AFAIK: There is no book on object oriented design and programming with Matlab examples. However, there are many with Python. Python OO is close enough to Matlab OO to make a Python book useful. With a little Visual Basic background I once worked through most of Head First Design Pattern (Java examples). I found that useful, however today I would look for a Python book, since Python is "dynamic" like Matlab. (See Design Patterns in Dynamic Programming by Peter Norvig.)
I asked google for "a good beginners book on object oriented Python" and received links to several useful reviews.
"Should I use method AddPoint within Points to return a Point object? [...] is there another better way"
There is too little context to answer this question. It depends on how you are going to use these classes. I cannot guess. Why the properties Item and PointObject? Are they scalars? The names are singular.
properties(Access = public)
Item = Point()
Count = 0
PointObject = Point()
end
obj.Item( 1 ) the value of the index (ONE) is that a typo?
obj.Item(1) = Point(id, x, y);
"There will be a lot of Point objects" Be careful, operating on thousands of simple point object can turn out to be very slow with Matlab.

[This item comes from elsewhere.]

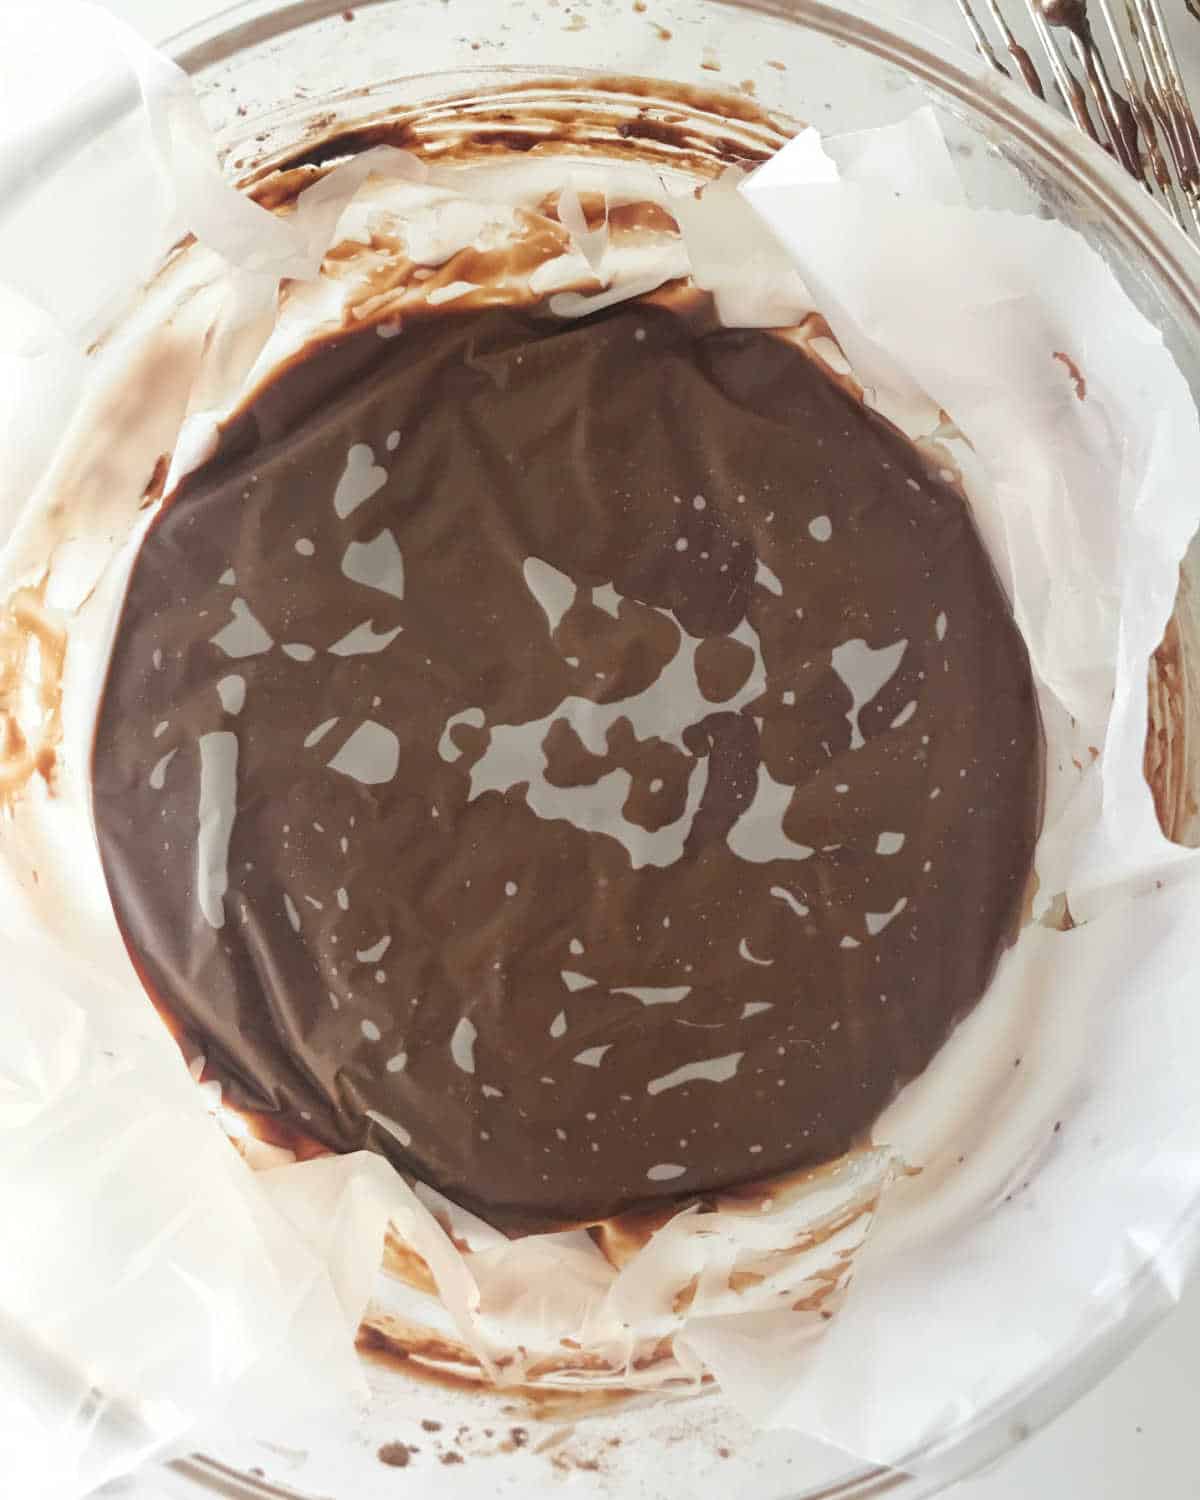 Plastic sheet covering chocolate pudding mixture in a glass bowl.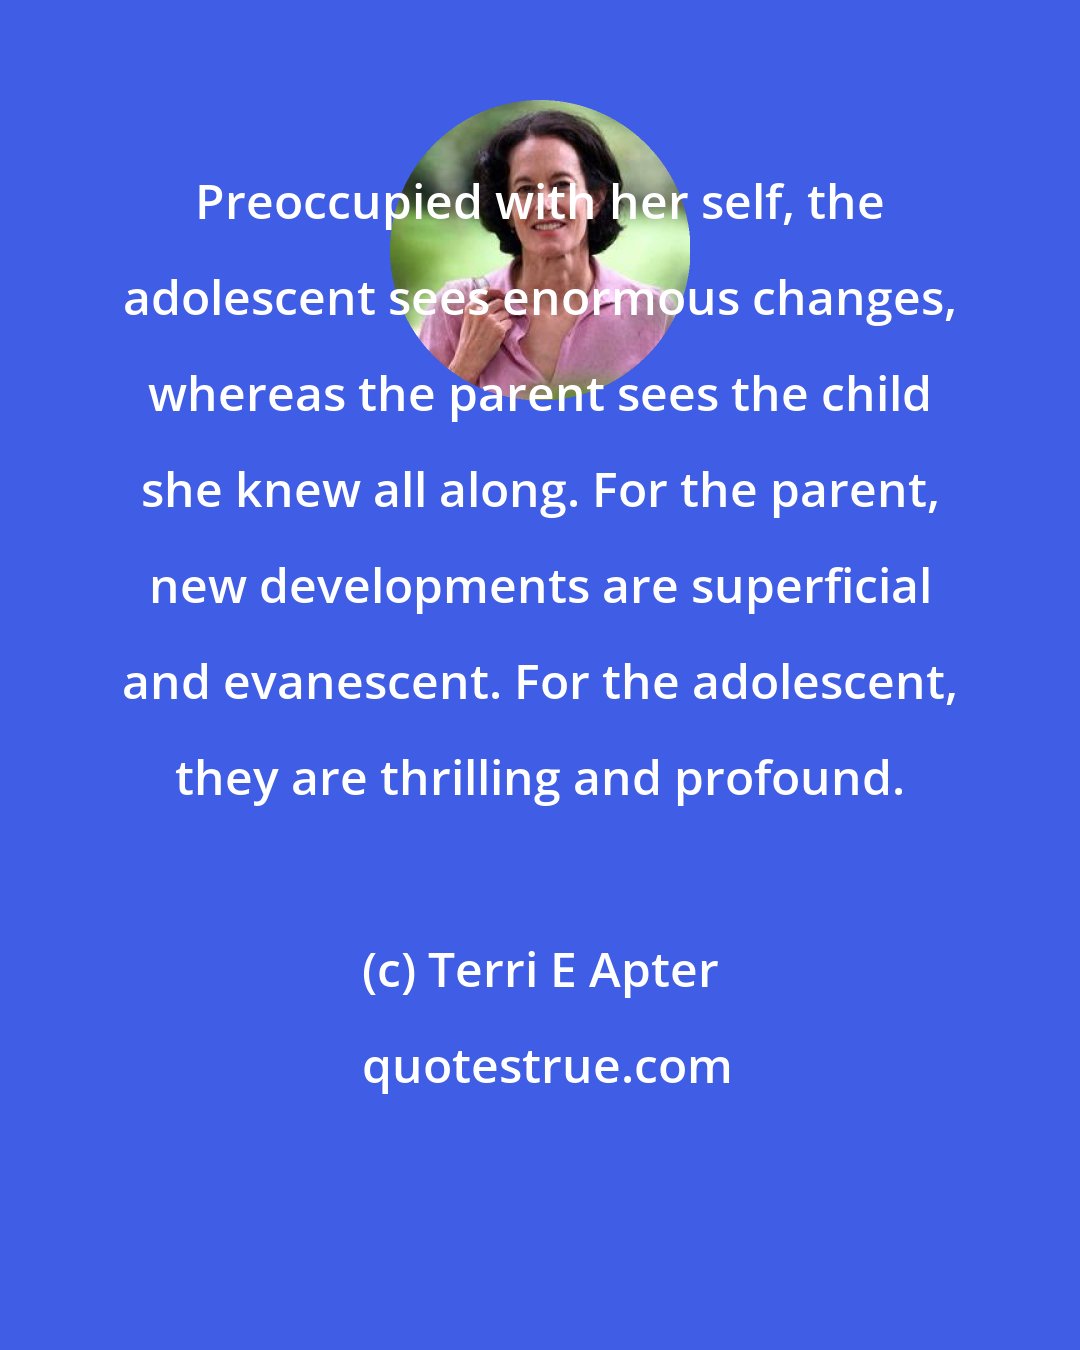 Terri E Apter: Preoccupied with her self, the adolescent sees enormous changes, whereas the parent sees the child she knew all along. For the parent, new developments are superficial and evanescent. For the adolescent, they are thrilling and profound.

"is it common (in simple programs) to assign an object to property then invoke it's methods by dot notation on assigned object" Yes, that's common. Added later: But be aware of the train wreck anti pattern
  2 Kommentare
Mario Malic
Mario Malic am 20 Sep. 2021
Bearbeitet: Mario Malic am 20 Sep. 2021
Thank you Per for your suggestions.
I will take a look on this presentation and will look for beginner books on OOP in Python.
The reason why I created these two different classes, is partially because of the slowness. When I had Point class, creating object one by one make MATLAB slow as expected. Since I want these objects to be in an array, I wanted to initialise as many as I need and then afterwards set their properties which is obviously a lot faster. Because it's a vector, one can use numel to check the number of elements, but since it counts the empty elements as well, there's no use of numel in this case. I couldn't think of way of indexing into an array other than wrapping it up into another class whose objective is to hold on to the Point objects and with help of Count property to correctly index into an array of Item.
"obj.Item( 1 ) the value of the index (ONE) is that a typo?"
I updated the code for the Points class and now should be more understandable what was my intention.
Other than Points, I will also deal with Line(s) class(es) which contain Point objects, Surface(es) class(es) which contain Line objects etc etc. It's getting nasty preeeeeety quickly. 😁
per isakson
per isakson am 21 Sep. 2021
" It's getting nasty preeeeeety quickly." This is not a beginners exercise. Find out how others solved the task.